無人の高原

 余り寒気に打たれたものですから、この筋肉の働きが鈍くなったということは察せられますけれども、いかにも向うに進めないのです。もう一歩も動けなくなり、その辺へ野宿することにしました。まずヤクの糞(ふん)とキャンという野馬の糞を拾いました。それを薪(まき)にするのです。慧海は自分が集め得られただけのヤクの糞および野馬の糞を真赤な火になるまで燃やしてその上へ砂を打掛(ぶつか)けて埋め火にしておきました。雪豹などの猛獣を避けるためには火を夜通し焚いておく方がよいのですが、山の上かどこからか泥棒がその火を見てどこかの山の端から尋ねて来られる恐れがあるからです。こうして、泥棒を防いで、翌朝まで寒さのために凍えて死ぬを避けるのでした。
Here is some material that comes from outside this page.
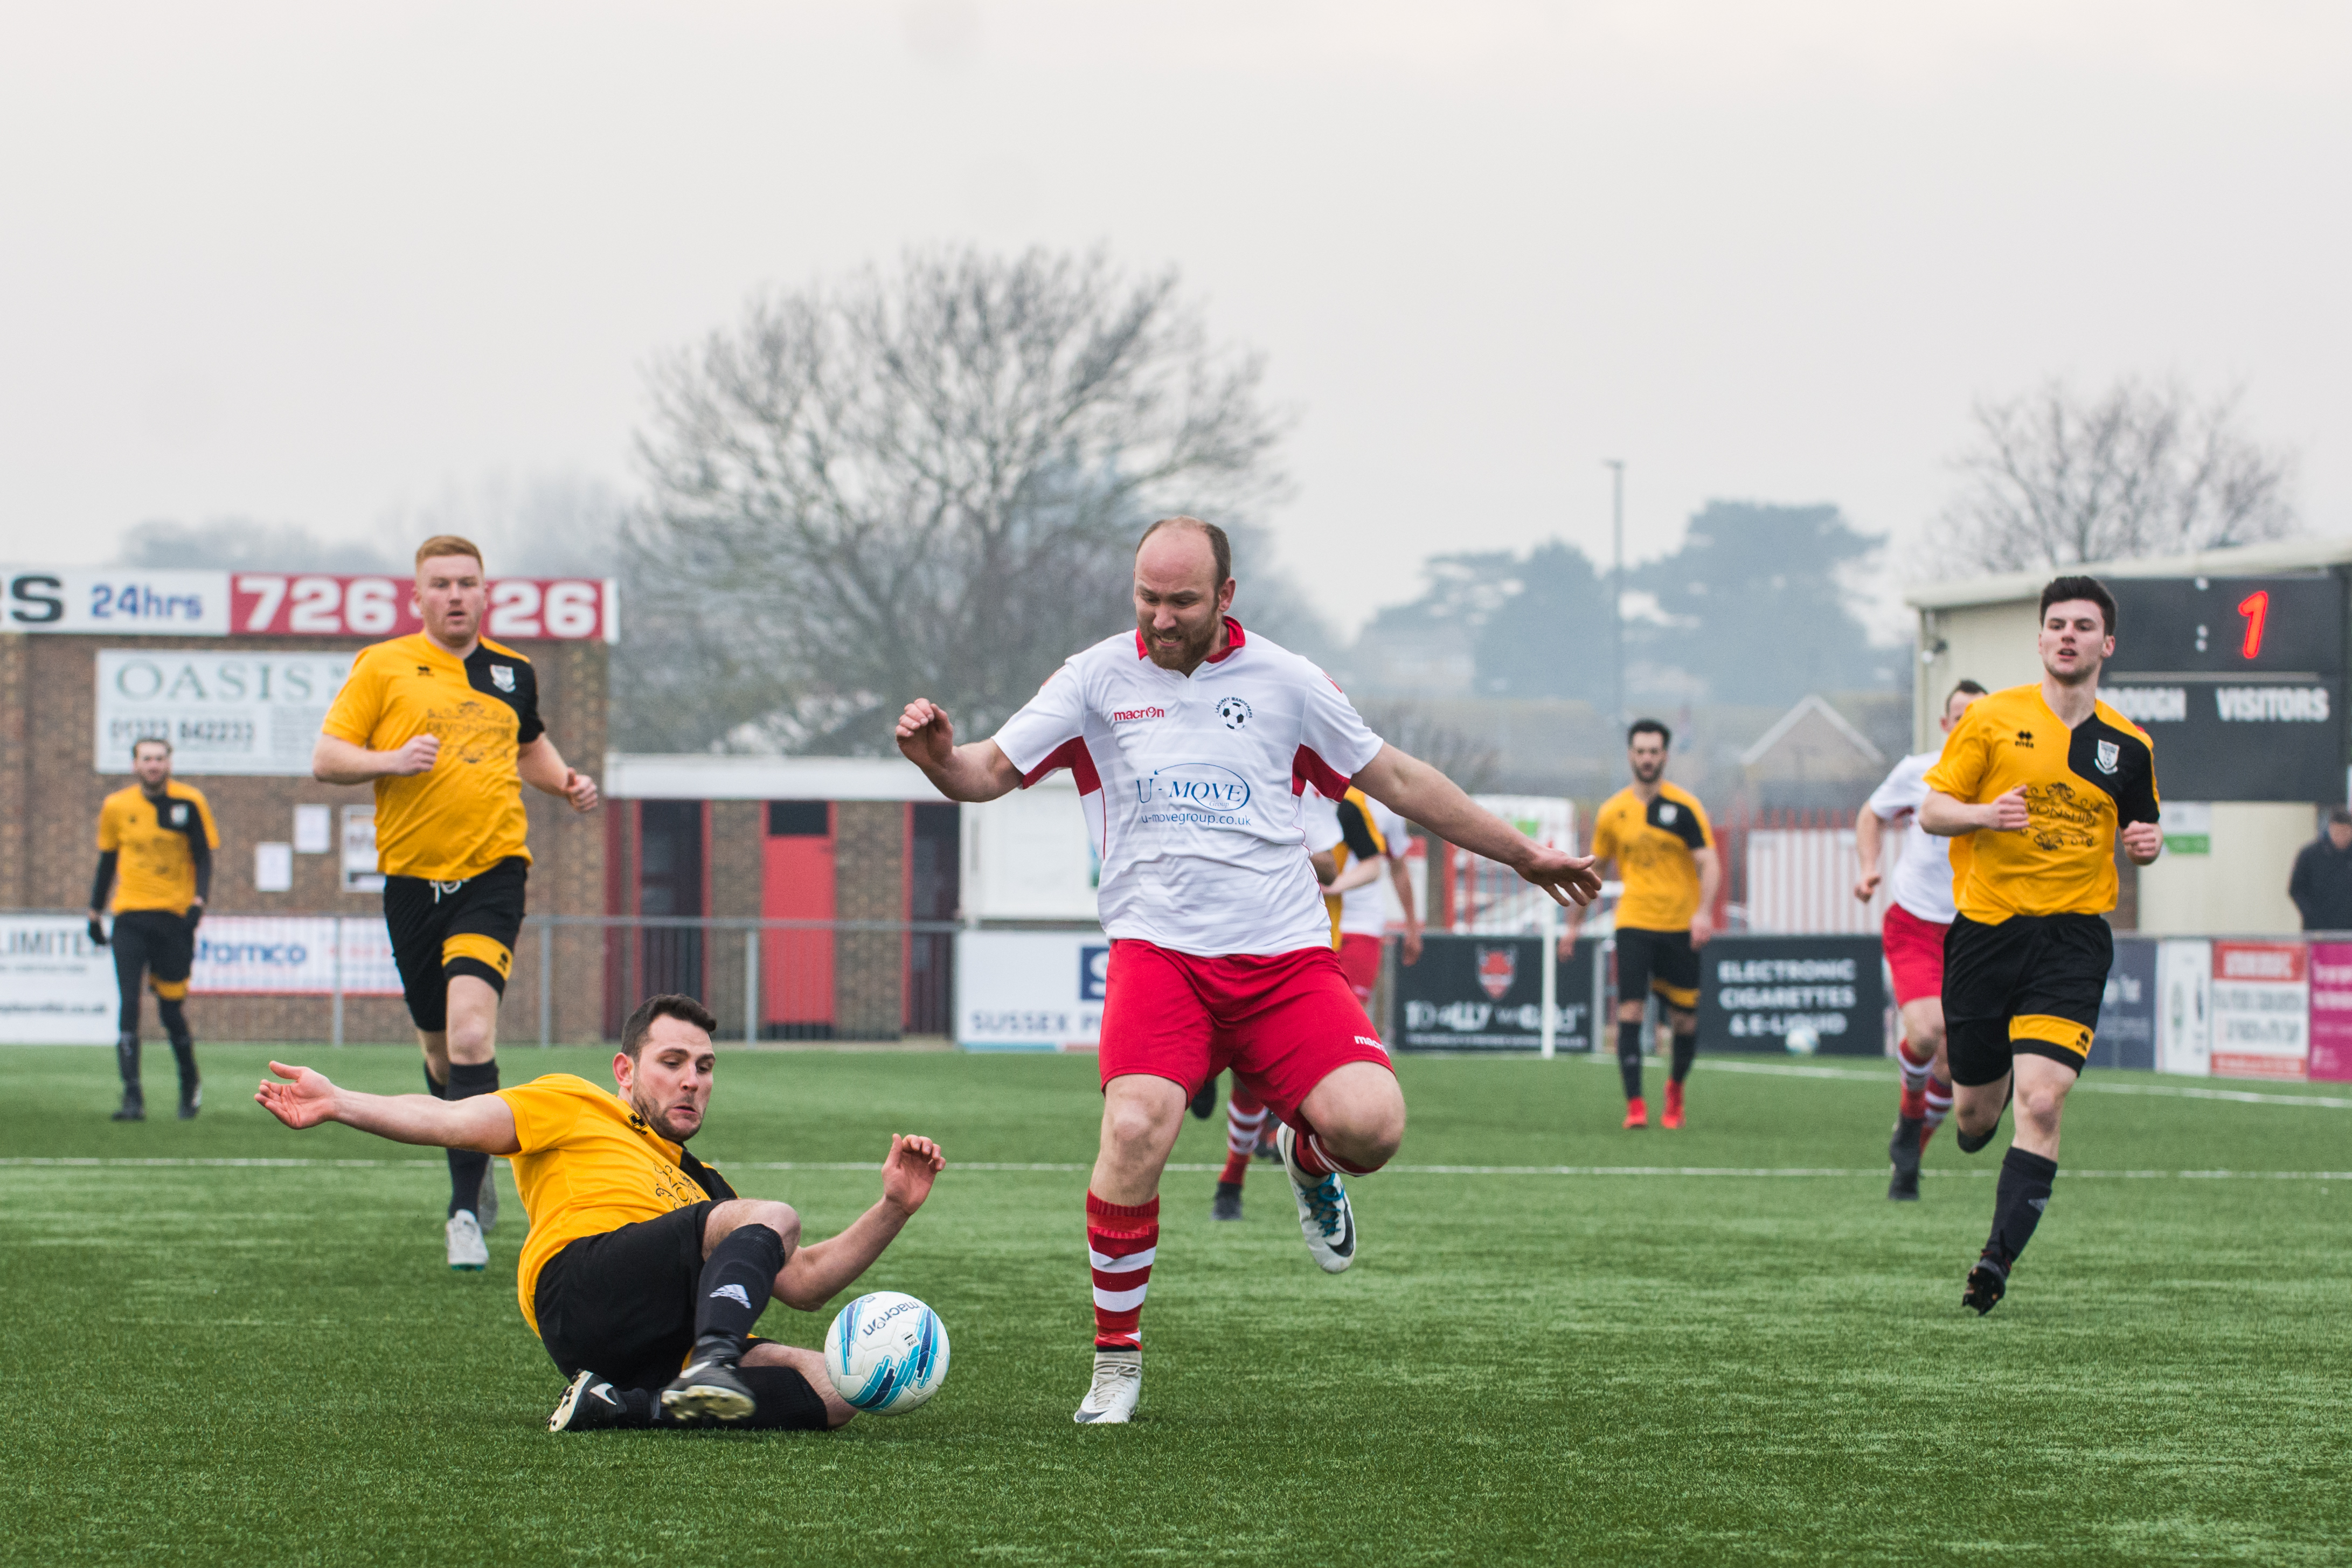 DAVID_JEFFERY Langney Wanderers FC vs Bexhill United FC 03.03.18 33

 さて翌日、川に沿って登って行けと言われたのか降って行けと言われたのか慧海は不意に忘れてしまいました。確かに登って行けと言われたように思いましたが、登って行く方の山が高く、とても大きな荷物を背負ってはとても登れないと慧海は思いました。それでこの川に沿って降って行きましたがその路は間違いでした。ずっと川に沿って二里ばかり降ると大分広い原に出ました。山の中でこの荷物を背負って居ちゃあとても堪らないので慧海は少し安心しました。そこで磁石を振り廻して見ると西北に向うには自分の降った川を向うに渡らなくてはならないのでした。ところがその川はとても冷たいので慧海は渡りたくありません。どうしようかと暫くそこに立っていると向うからお坊さんが渡って来ました。それも慧海のような巡礼者であって、カムという国からわざわざゲロン・リンボチェ比丘尊者に会いに来たんだそうです。そこで慧海はこの人に道を尋ねました。
「これから私はカイラス山の方に行かなくちゃあならないがそのカイラス山に行くにはどう行ったらよかろうか。」
「それは向うに行かねばならん。これから二日ほど行くと人の居る所に出られるからそこで尋ねるがよかろう。これをずっと行くとここから見えて居らないがその原の中にテントがある。そこへ指して行けば必ず泊る所が得られるから」
といいます。
 そこで慧海はその坊さんに休息して下さいと言って、それからその坊さんに乾桃を多分に遣(や)りました。実は重くって堪(たま)らないですから沢(たく)山(さん)遣ったのでした。そうしたところがその坊さんびっくりして悦びました。で、あなたにこんなに貰う訳がないお気の毒だと言います。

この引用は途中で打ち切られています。